The dreadful cry of a soul's despair broke the vacant air with the name of Christian. Many times his name, and no other word. The desolation of great agony was hers: no creature of the sea could bring her any comfort now; no creature under heaven; for the one on earth to whom her child's heart yearned was the one on earth she least dared face with her awful load of guilt.

Nothing could atone for what she had done: life could never give scope, nor death. Were this that she held Christian himself, able to see and hear, her passionate remorse could conceive no dearer impossibility than at his feet to fall, with supplication, with absolute confession delivering the love and worship of her heart before him: to be spurned by his inevitable hate. The inexorable indifference of the dead was a juster, a more terrible, recompense.

Yet a more terrible conception woke from a growing discernment of Christian's utter abstraction from the mortal shape, that so long had represented him to her, and so well. This his body had ceased from suffering and endurance, yet the very self of Christian might bear with him unassuaged the wounds and aches her malice had compassed. Hate would heal, would sear, at least; but oh! if he had not quit him of a tyrannous love, then bruised and bleeding he carried with him still a living pain of her infliction. She dared not confidently reckon her vileness against the capacity of his extravagant love. She dared not. Her full punishment reached home to her at last.
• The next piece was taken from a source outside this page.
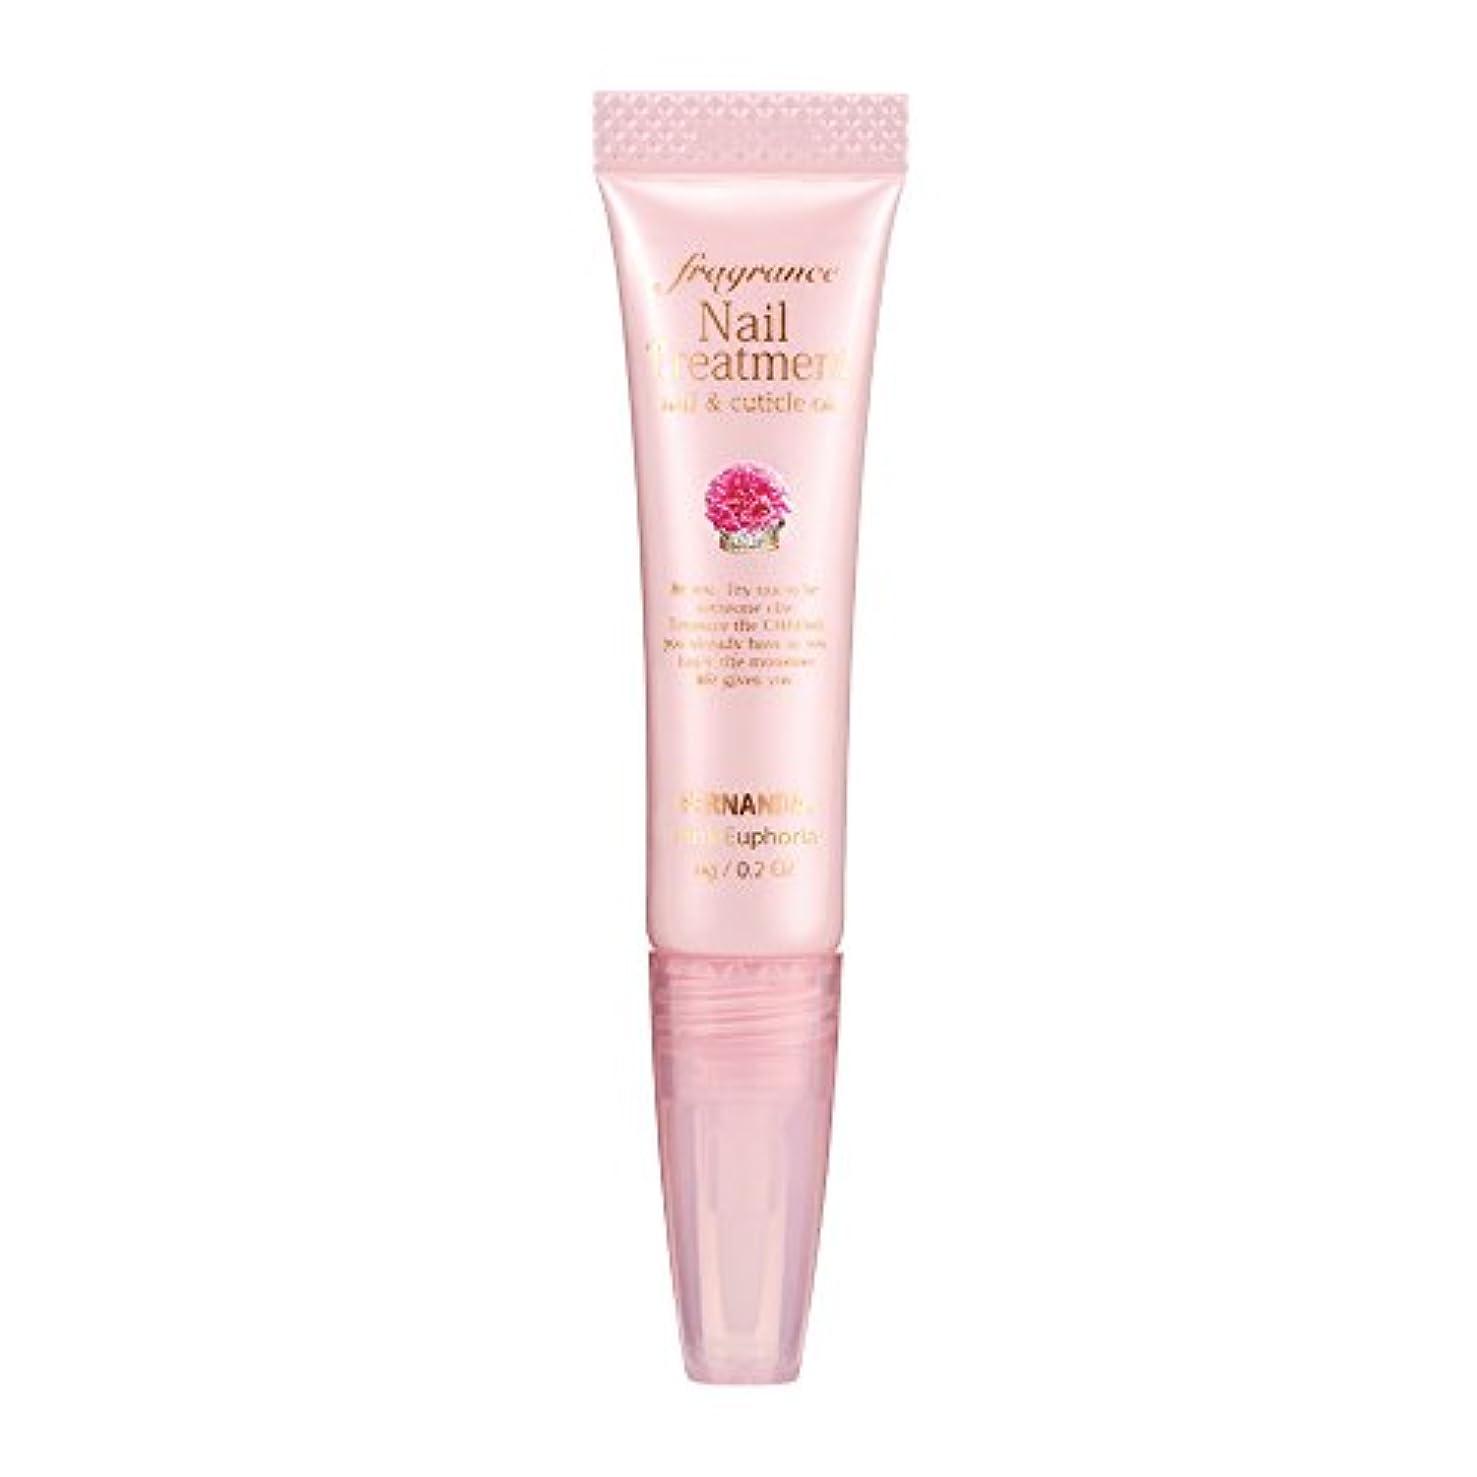 四回忠誠永遠のFERNANDA(フェルナンダ) Fragrance Nail Treatment Pink Euphoria (ネイルトリートメント ピンクエウフォリア)

Her ignorant mortal senses strained to pierce the impenetrable mystery that had wrapt Christian to an infinite remoteness. For his relief, not for her own, would she present to him her agonies of love and remorse: him stanched, averse: him bleeding, tender; to gratify, to satisfy, to plenish any want.

Tempests of despair raged through that undisciplined soul. Every hope was cut off, every joy was extinct. The sweet attraction of loving service, the pride and glory of despotic rule, were not for her, an exile from the one, and from the other abdicating. In all the world there was no place for her but this, between sea and land, with a hold on a dead illusion of Christian, with vain, frantic crying after his reality.
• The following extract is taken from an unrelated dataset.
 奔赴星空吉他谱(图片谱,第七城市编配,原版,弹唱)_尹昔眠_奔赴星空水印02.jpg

She did not know, whelmed in gulfs of sin and grief and despair, she did not know how divine a dawn brooded over the waste. From the long-lost past clear echoes swept of childish prayers, to blend as an undercurrent with that message her lover had so tried to deliver, that she had repelled as hideous and grotesque. She used no conscious memory, nor followed any coherent thought, but, consonant with the first instinct of her fresh awakened soul, that longing for her mother's sake to make renunciation, consonant with Christian's finished achievement—his striving, suffering, enduring even death for her unworthy sake—was this incoherent impression of a divinity vastly, vaguely suffering in exemplary extreme out of great compassion and love to mankind, thence accrediting suffering as the divinest force that can move the world. Her also it had vanquished.

The tide had turned; it pressed her gently to resume her old way to the deeps. The drift of another tide took her.

Out of her futile striving for direct communion with Christian grew a sense that the sole possibility left to her was to yield body and soul to his will in strict possession, and to follow that guidance. In her great misery and helpless desolation a how and a whither with quailing beset her going. Lo! the first step was sure, because it entailed a heartrending renunciation.

Ah! desperately dear was this, Christian's body, to her mortal apprehension of him. She held it very closely with an access of love and worship such as appertains to vacant shrines. O woe to part from it, to lay it aside and leave it to final obliteration!

Suddenly she wept. This near, definite distress, so humanly common, broke up the fountain of her tears so many a year sealed. To a creature long of the cold sea breeding tears were scalding to the heart.